The expected revenue for the 120 passengers is $1524. The standard deviation will be $154.2245

2.44

  1. Describe the distribution of total personal income.
income <- c("$1 to $9,999","$10,000 to $14,999","$15,000 to $24,999","$25,000 to $34,999","$35,000 to $49,999","$50,000 to $64,999","$65,000 to $74,999","$75,000 to $99,999","$100,000 or more")

total <- c(2.2,4.7,15.8,18.3,21.2,13.9,5.8,8.4,9.7)

distribution <- data.frame(income, total)
distribution
##               income total
## 1       $1 to $9,999   2.2
## 2 $10,000 to $14,999   4.7
## 3 $15,000 to $24,999  15.8
## 4 $25,000 to $34,999  18.3
## 5 $35,000 to $49,999  21.2
## 6 $50,000 to $64,999  13.9
## 7 $65,000 to $74,999   5.8
## 8 $75,000 to $99,999   8.4
## 9   $100,000 or more   9.7
barplot(distribution$total, names.arg=income)

It seems normalcontinuous distribution.

  1. What is the probability that a randomly chosen US resident makes less than $50,000 per year?
sum(distribution[1:5,2]/100)
## [1] 0.622
  1. What is the probability that a randomly chosen US resident makes less than $50,000 per year and is female? Note any assumptions you make.
0.622 * 0.41
## [1] 0.25502

Sample consists of 41% females. The probability that a randomly chosen US resident makes less than $50,000 per year and is female is 0.25502

Assumption: The probability of an income of less than $50,000 and being female are independent events.
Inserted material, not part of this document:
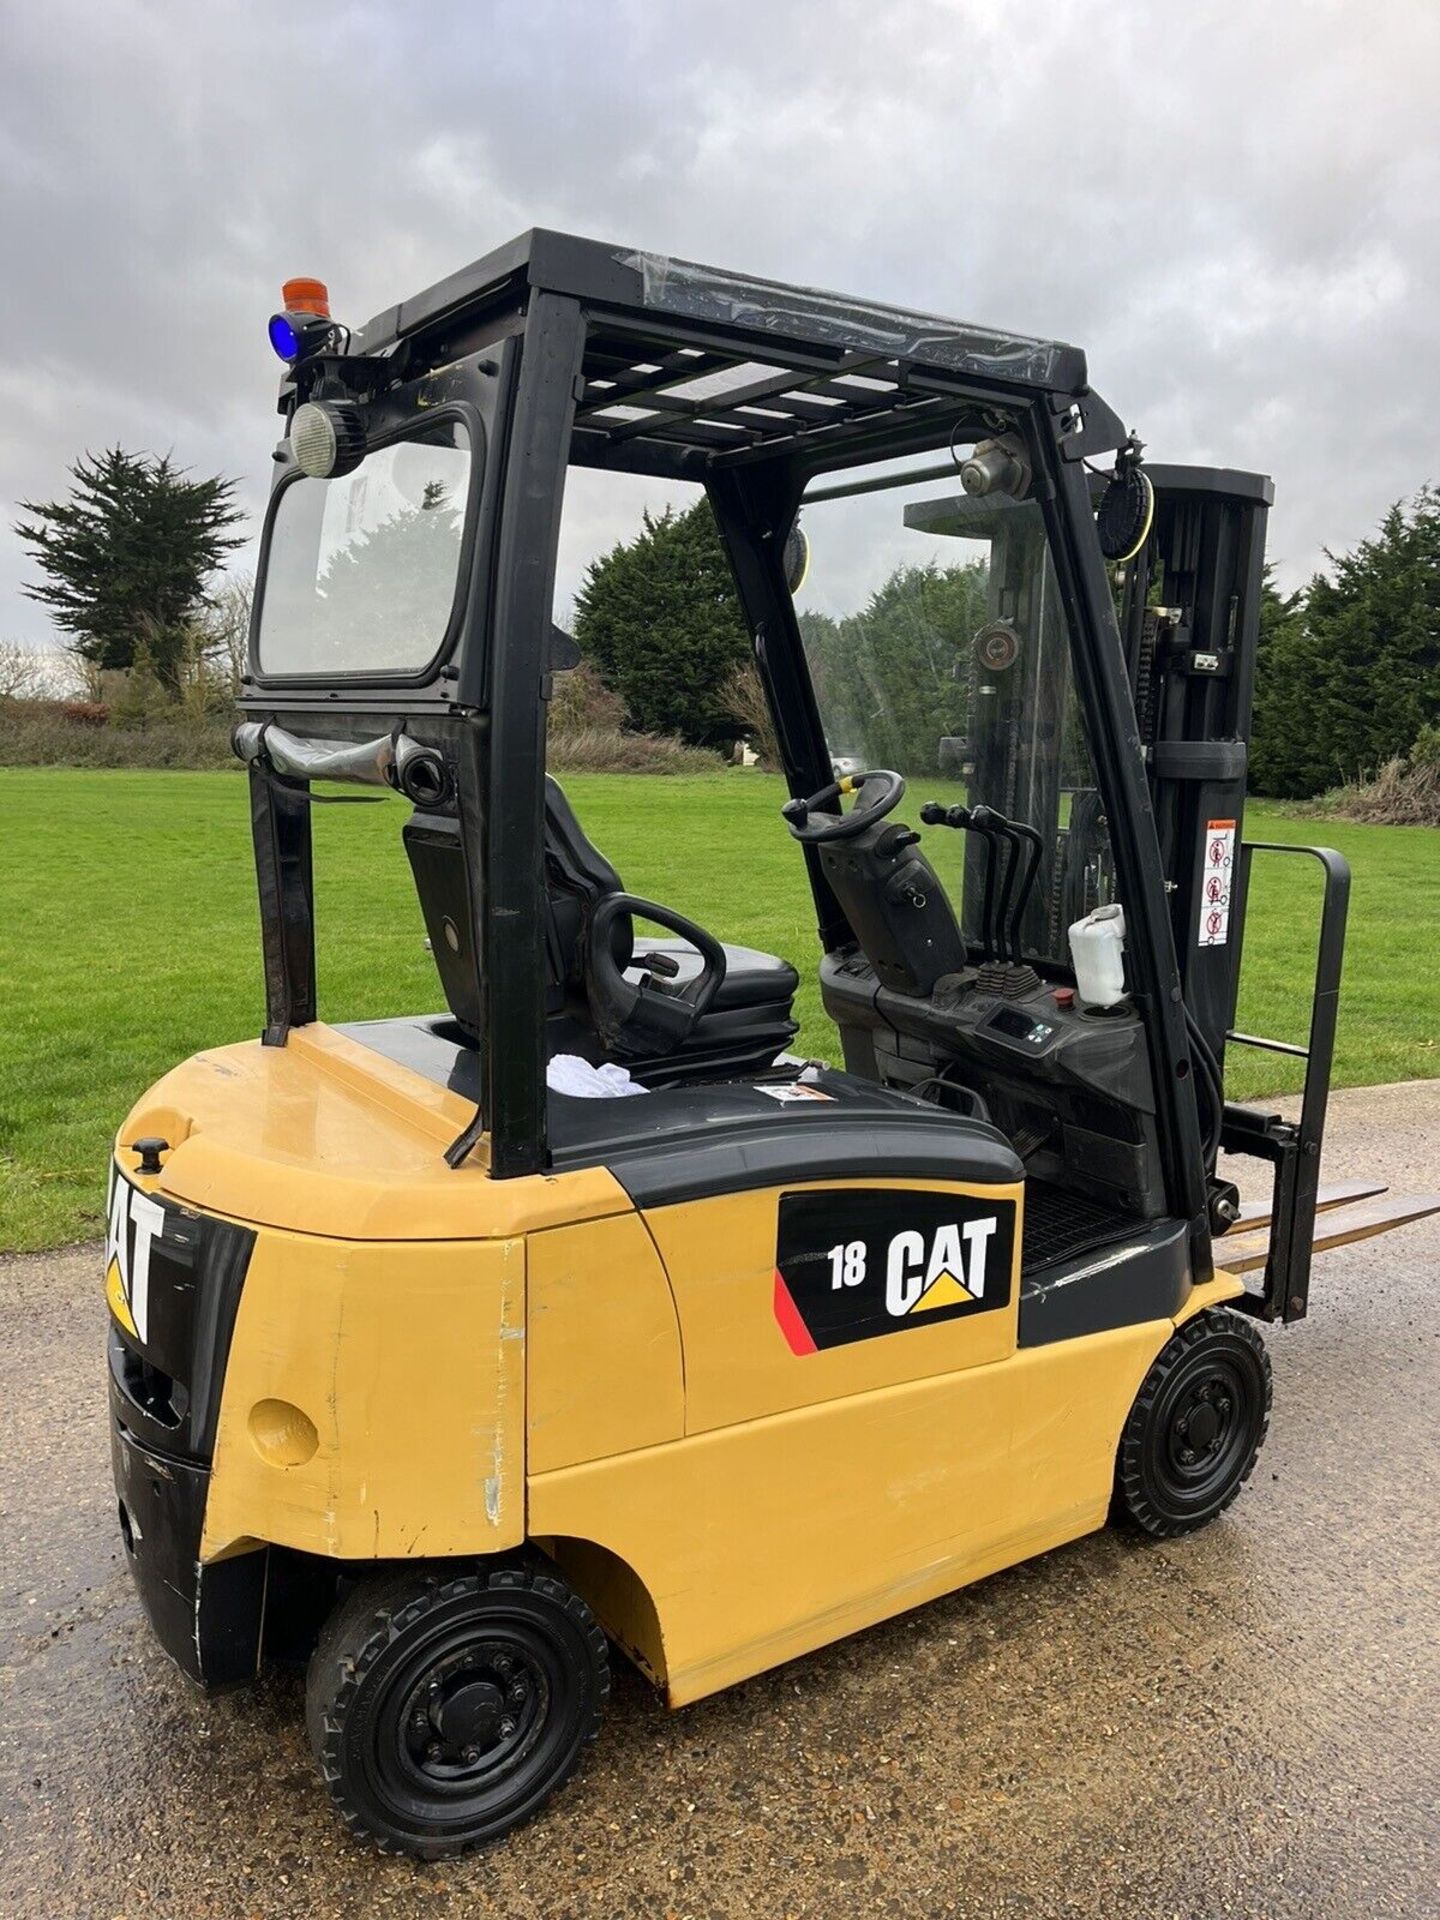 2012, CATERPILLAR 1.8 Electric Forklift Truck (Container Spec) - Image 2 of 7

  1. The same data source indicates that 71.8% of females make less than $50,000 per year. Use this value to determine whether or not the assumption you made in part (c) is valid. Income Total

If 71.8% of females make less than $50,000 per year the equation will be 0.718 = 0.622 * 0.41, which is not correct, so we can conclude that the assumption we made for step (c) is wrong. with the equation it looks like events are not independent.